How to complete this task:
What I need is an exact repeat of the lines from the one with "Figlia Blondy sensazione" through the end of the listing below. Leave out every picture.

Recorded data:
-------------------------

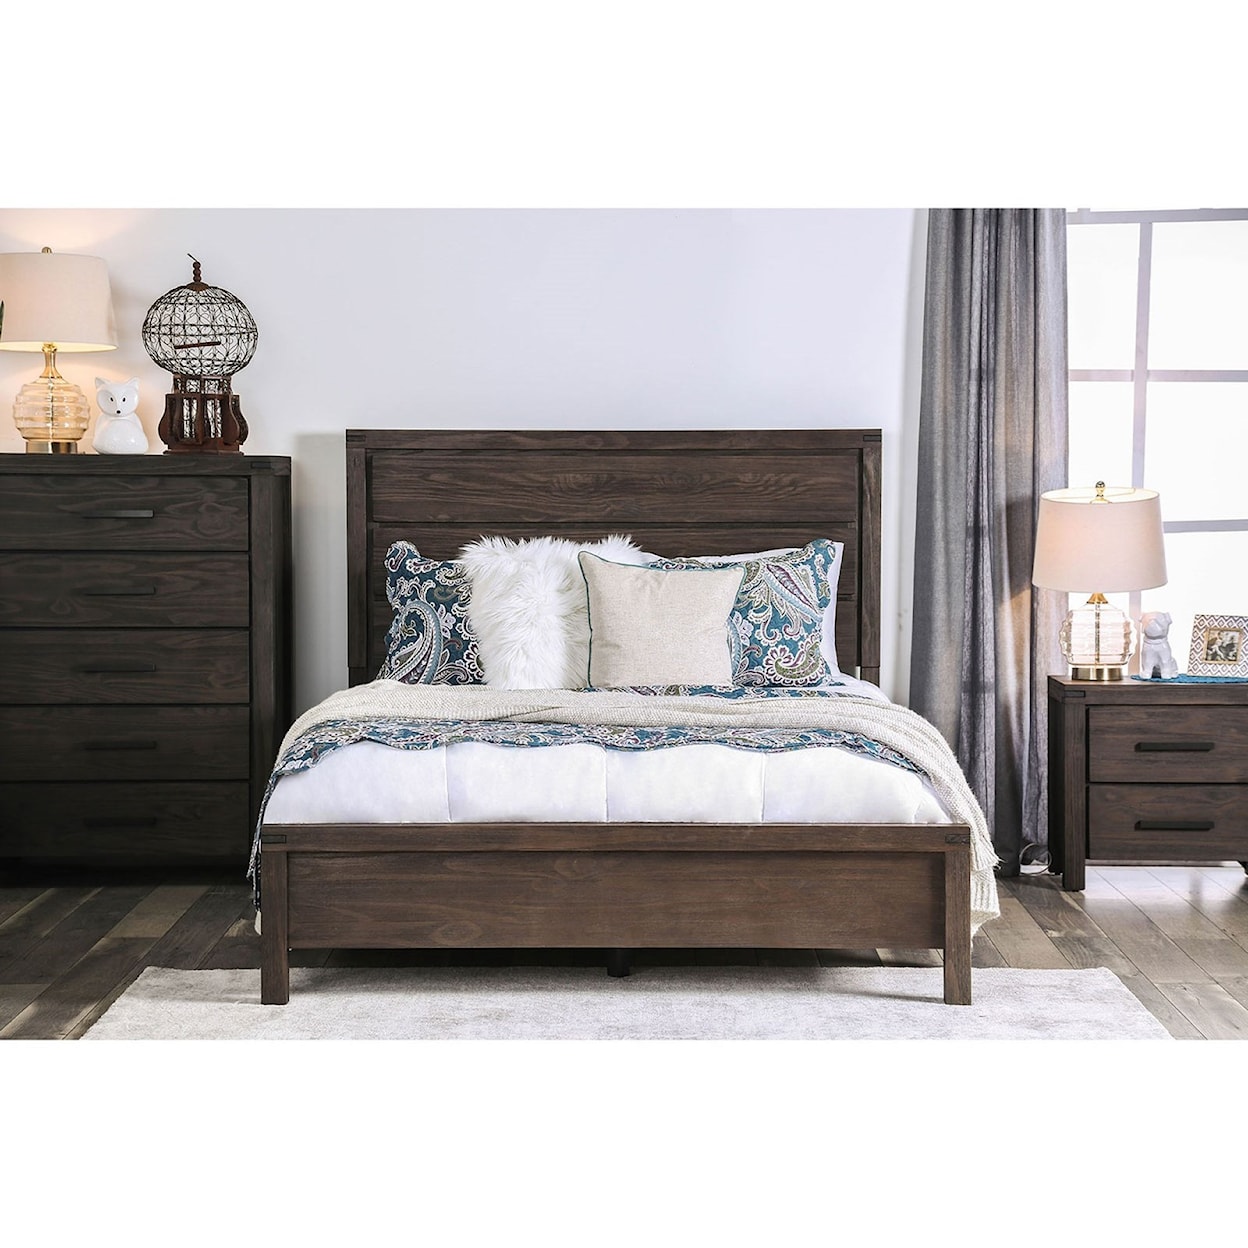 Furniture of America Rexburg King Panel Bed
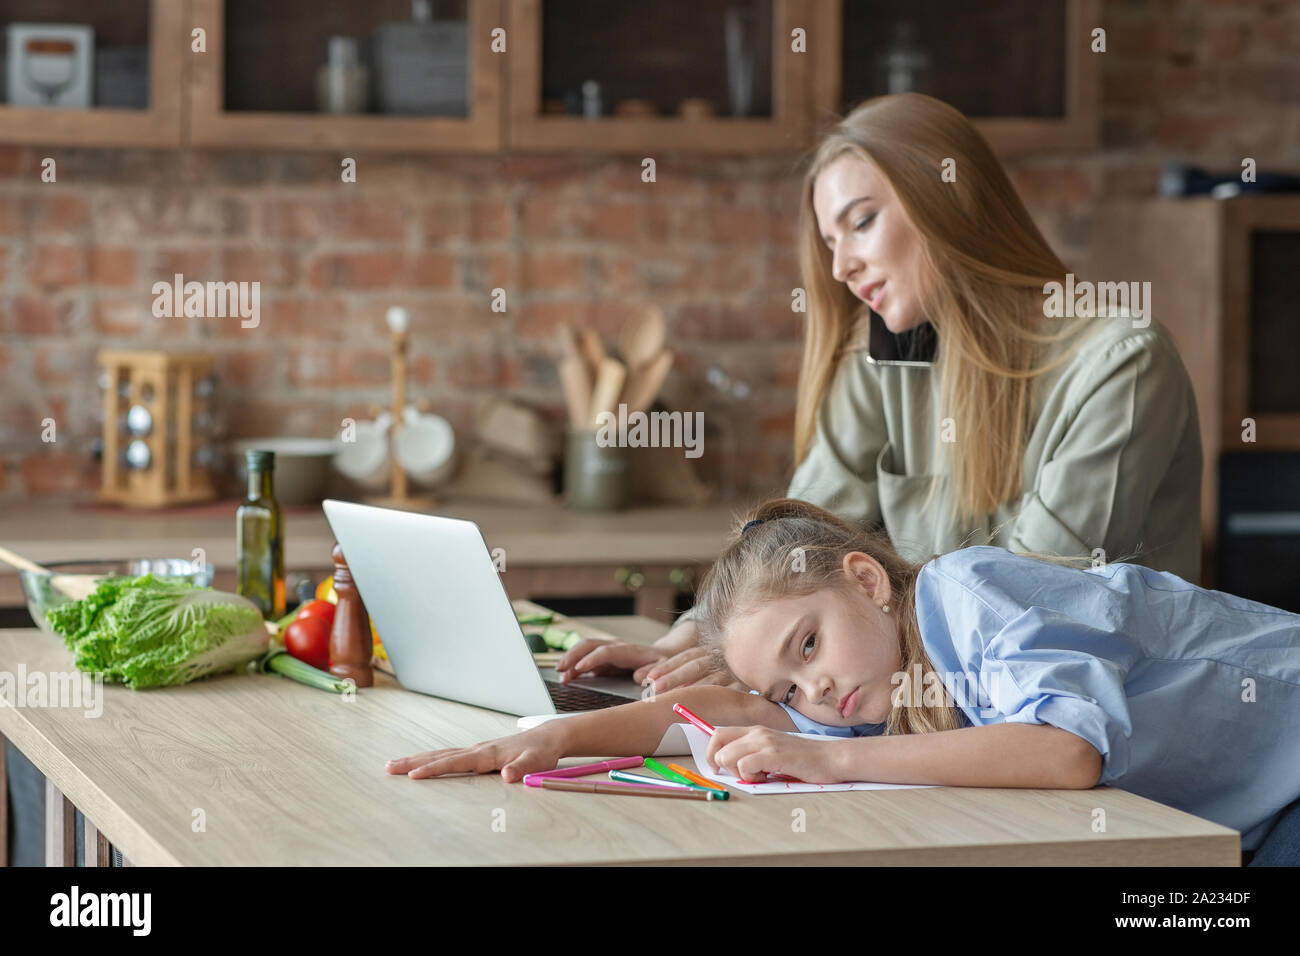 Figlia Blondy sensazione annoiato, madre parla al telefono e guardando il laptop, cucina interno, spazio di copia Foto Stock
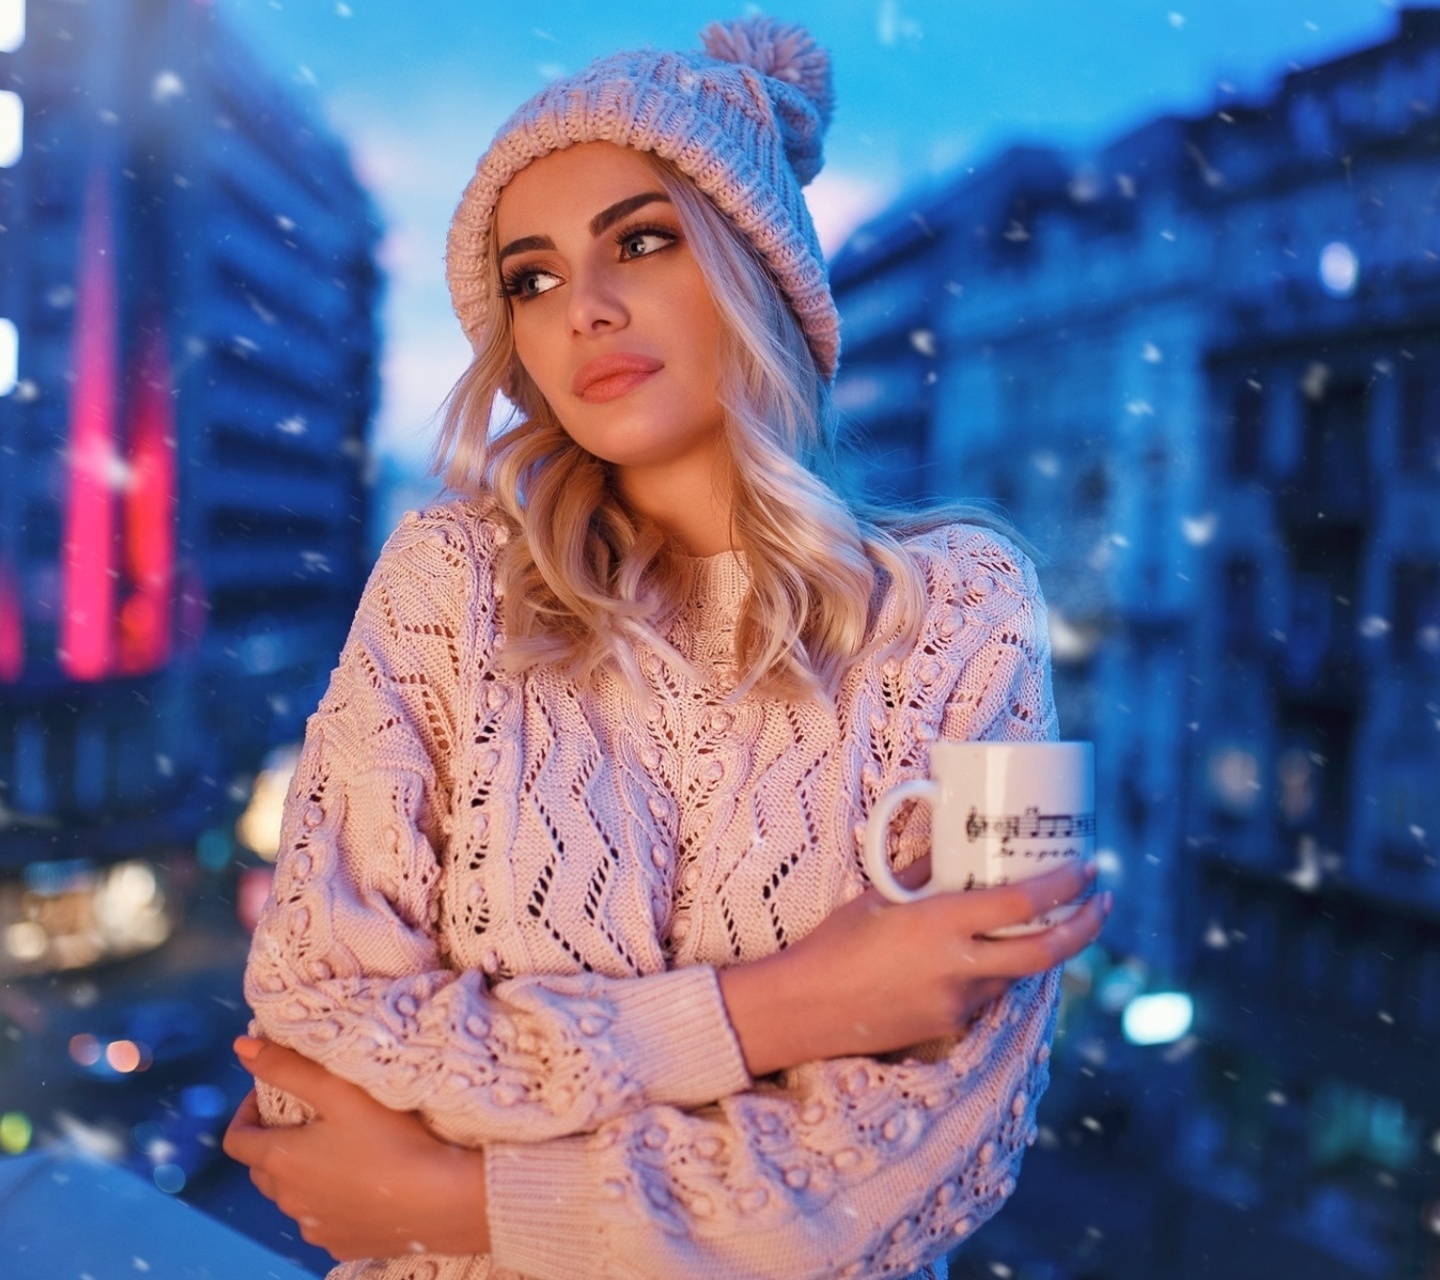 Winter stylish woman wallpaper 1440x1280
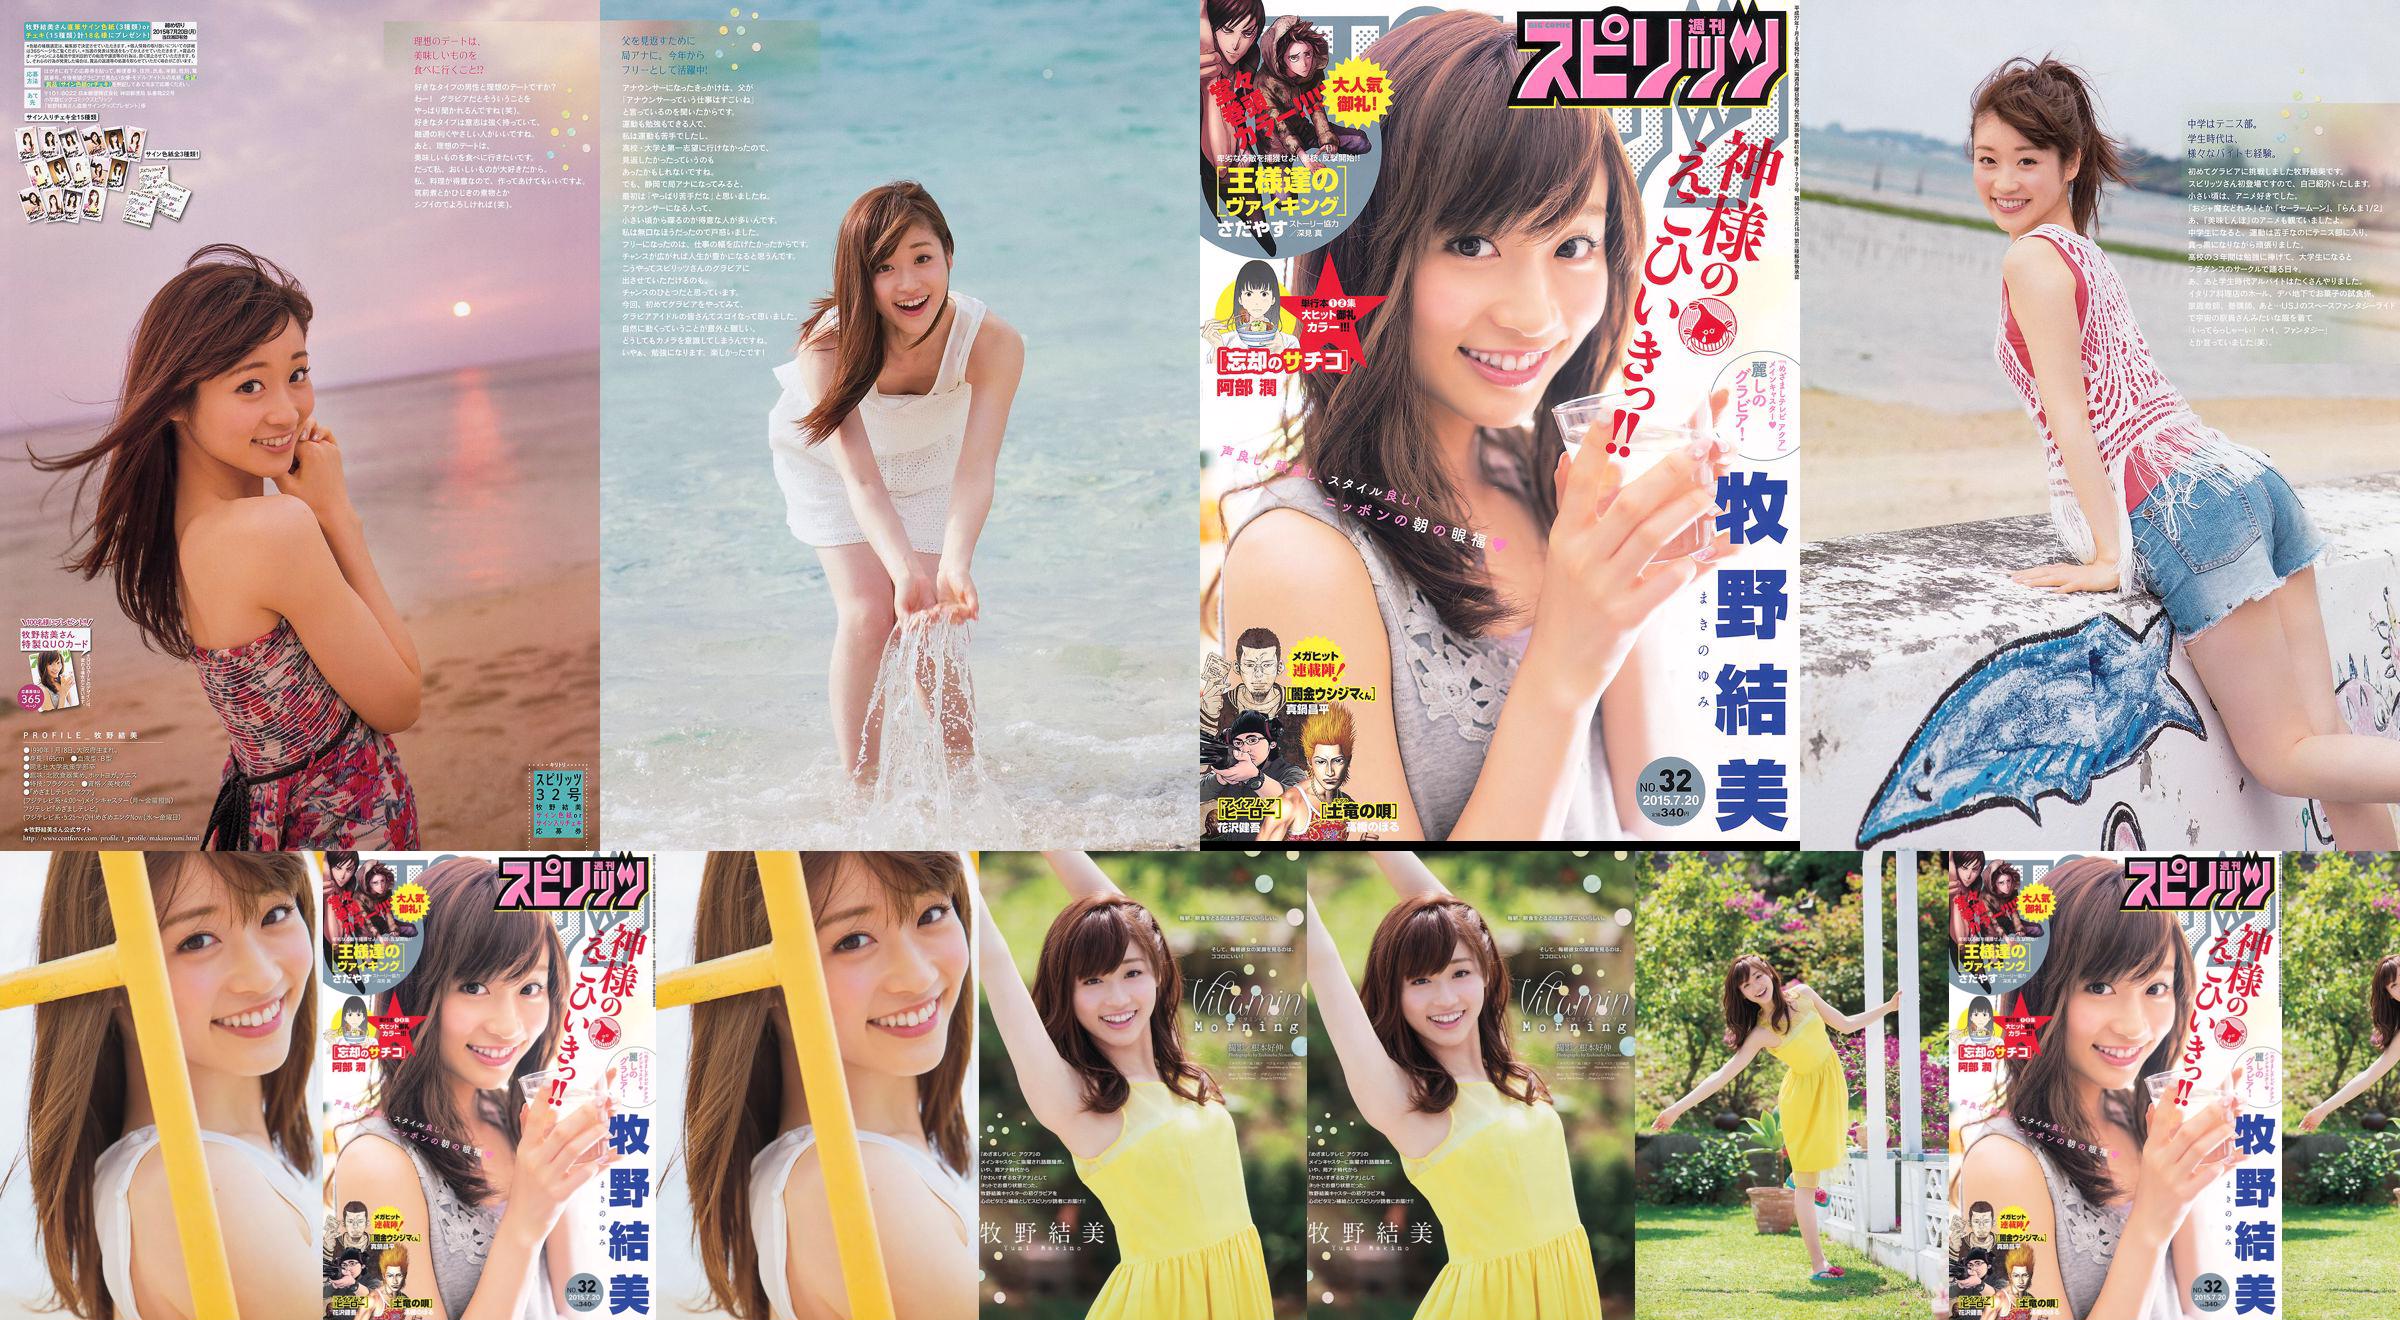 [Weekly Big Comic Spirits] Yumi Makino 2015 No.32 Photo Magazine No.36786a หน้า 1

-------------------------

Solution:
 Figlia Blondy sensazione annoiato, madre parla al telefono e guardando il laptop, cucina interno, spazio di copia Foto Stock
 Winter stylish woman wallpaper 1440x1280
 [Weekly Big Comic Spirits] Yumi Makino 2015 No.32 Photo Magazine No.36786a หน้า 1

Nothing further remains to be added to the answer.